O projeto de extensão Relatos de Maternidade, da Ufac, desenvolvido entre setembro e dezembro de 2020, compõe a exposição A Infinita Memória da Pandemia: A História da Covid-19, cuja cerimônia de inauguração ocorreu na terça-feira, 26, no shopping Conjunto Nacional, em Brasília, e que também passará por Fortaleza, Manaus, Porto Alegre e São Paulo.

O projeto foi desenvolvido pelas professoras Ana Letícia de Fiori, do curso de Ciências Sociais e do programa de pós-graduação em Artes Cênicas, e Camila Bylaardt Volker, à época do curso de Letras e atualmente servidora do Ministério das Mulheres.
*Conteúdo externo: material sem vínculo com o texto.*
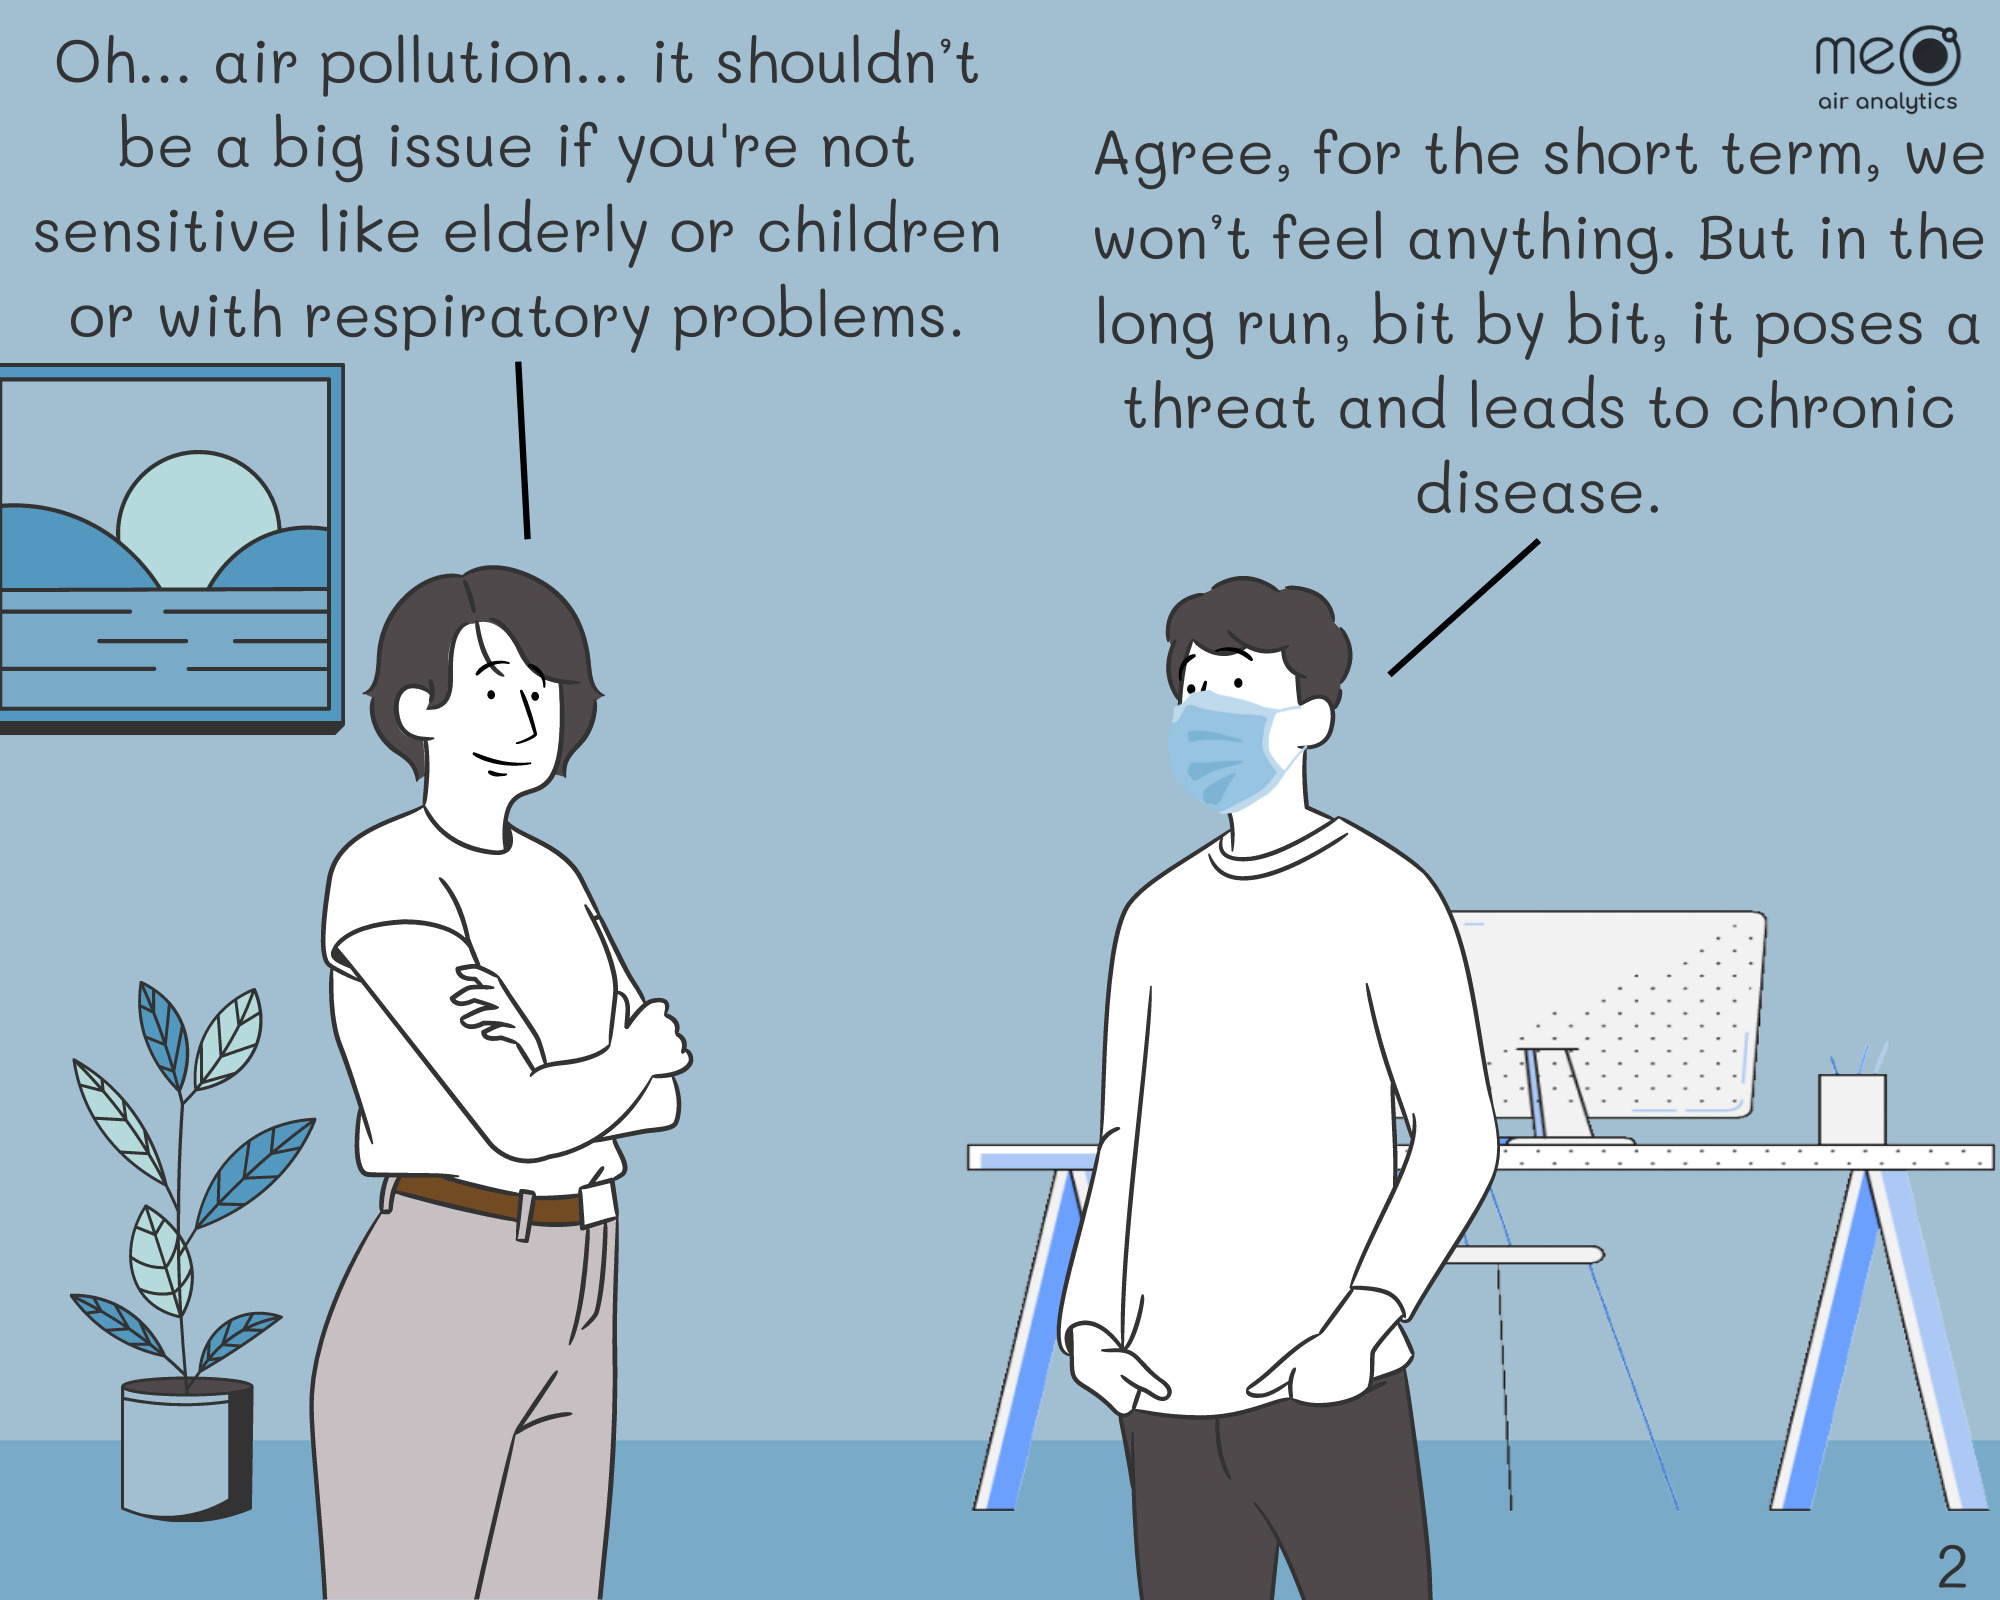 Joyce: Oh… air pollution… it shouldn’t be a big issue if you're not sensitive like elderly or children or with respiratory problems. Tim: Agree, for the short term, we won’t feel anything. But in the long run, bit by bit, it poses a threat and leads to chronic disease.

Elas e seis estudantes entrevistaram, por WhatsApp, mais de 50 mulheres e mães, coletando relatos sobre suas experiências de maternidade e vida.

O trabalho abordou, ainda, cuidados, trabalho, família, medos, esperanças e projetos afetados pela pandemia da covid-19 no Acre, originando um e-book (162 p.) lançado pela Editora da Ufac (Edufac) em 2025, disponível para leitura online e download gratuito. Além disso, passou a integrar o Memorial Digital da Pandemia de Covid-19, como coleção.

Nessa quarta-feira, 27, as professoras Ana Letícia e Camila participaram, tratando dos relatos de maternidades, de mesa-redonda com os organizadores dos projetos Fala, Parente (PET Indígena, Unifap), a qual contou com depoimentos de indígenas do Amapá, Pará e Guiana Francesa.

A exposição levará a capitais brasileiras parte das coleções do Memorial da Pandemia de Covid-19, sediado no Rio de Janeiro e desenvolvido pela Ministério da Saúde, Organização Pan-Americana de Saúde, Centro Latino-Americano e do Caribe de Informação em Ciências da Saúde e Centro de Humanidades Digitais da Unicamp.